Виктория Павловна кивает.
– Он сказал, что Свету эту не любит и больше у них никогда ничего не было. И тебя боится потерять. – Она повторяет то, что уже сказала. Но теперь эта боязнь со стороны Верниковского мне противна. Раньше было нужно думать, когда девицу с дороги на себя сажал. – Но маленькому там плохо. Бьёт она его, а как сожитель новый появился, так жизни Марку нет.
«Марк», «маленький» – эти слова явственно говорят о том, что сын Дани уже прочно обосновался и в сердце моей свекрови. И винить я её за это не могу, да и не хочу. Это ведь её плоть и кровь. Её внук.
– Ну так забирает его пусть оттуда. Вы с ним познакомитесь, он мальчик хороший, воспитанный. Даже хорошо, что всё это сейчас случилось, когда он обозлиться не успел.
– Так-то оно так… – Виктория Павловна снова тяжело вздыхает. – Но ты же мне как дочь.

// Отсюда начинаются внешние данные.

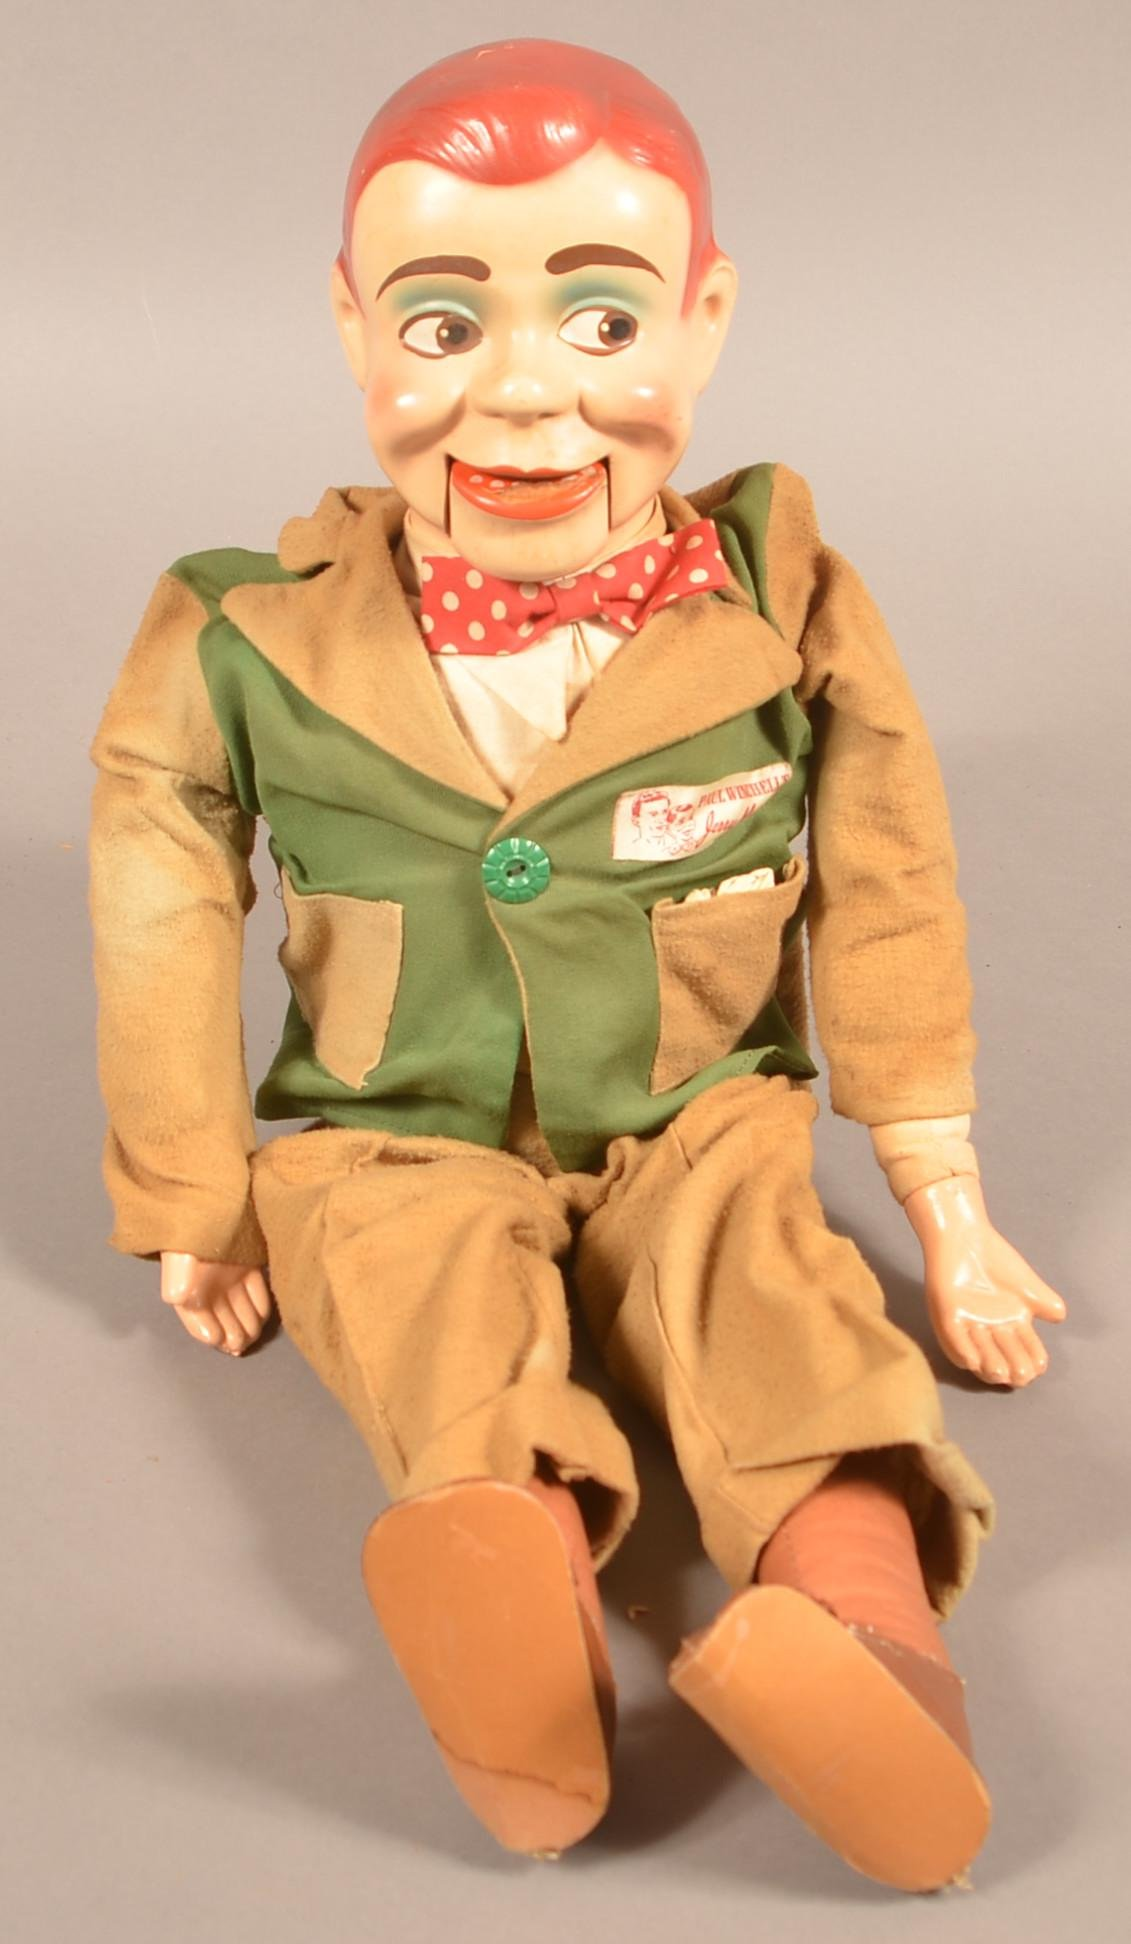 Vintage Jerry Mahoney Ventriloquist Doll.

И по-бабски тебя понимаю прекрасно. Даня же тебя обидел смертельно, за такое и я бы не простила. По крайней мере, не сразу.
Она смотрит на меня с надеждой. А я уже знаю – не прощу. Вообще за это всё, что сейчас творится, простить не смогу. И хорошо, что детей ему не родила. Не представляю, как бы сейчас своим маленьким объясняла, почему у бабушки и дедушки гостит ещё и их брат.
Нет, я совсем не против Марка, он ведь ни в чём не виноват. Но и своя рубашка всегда ближе к телу.
– Я не прощу. Зря сын ваш надеется, что искупить вину можно. Он наворотил слишком много. И должен это понимать.
– Знаю, Сонь. Я это знаю.
Свекровь отпивает порядком остывший кофе. Наш с ней разговор – словно точка, поставленная во всём. Хотя, надо признаться, таких точек за последние пару дней я уже поставила в отношениях с мужем не раз. Но это даже не финал – это последний эпизод, идущий после титров.
Ребёнок есть. Он найден. Даня заберёт его и теперь его не придётся скрывать.
Мы с мужем разведёмся. Как бы он ни пытался сейчас сделать вид, будто вся эта ситуация решаема, итог один – расставание. Пусть болезненное, наполненное теми событиями, которые принесут лишь горечь, но для меня это дело решённое. И Верниковский волей-неволей примет всё так, как это вижу я.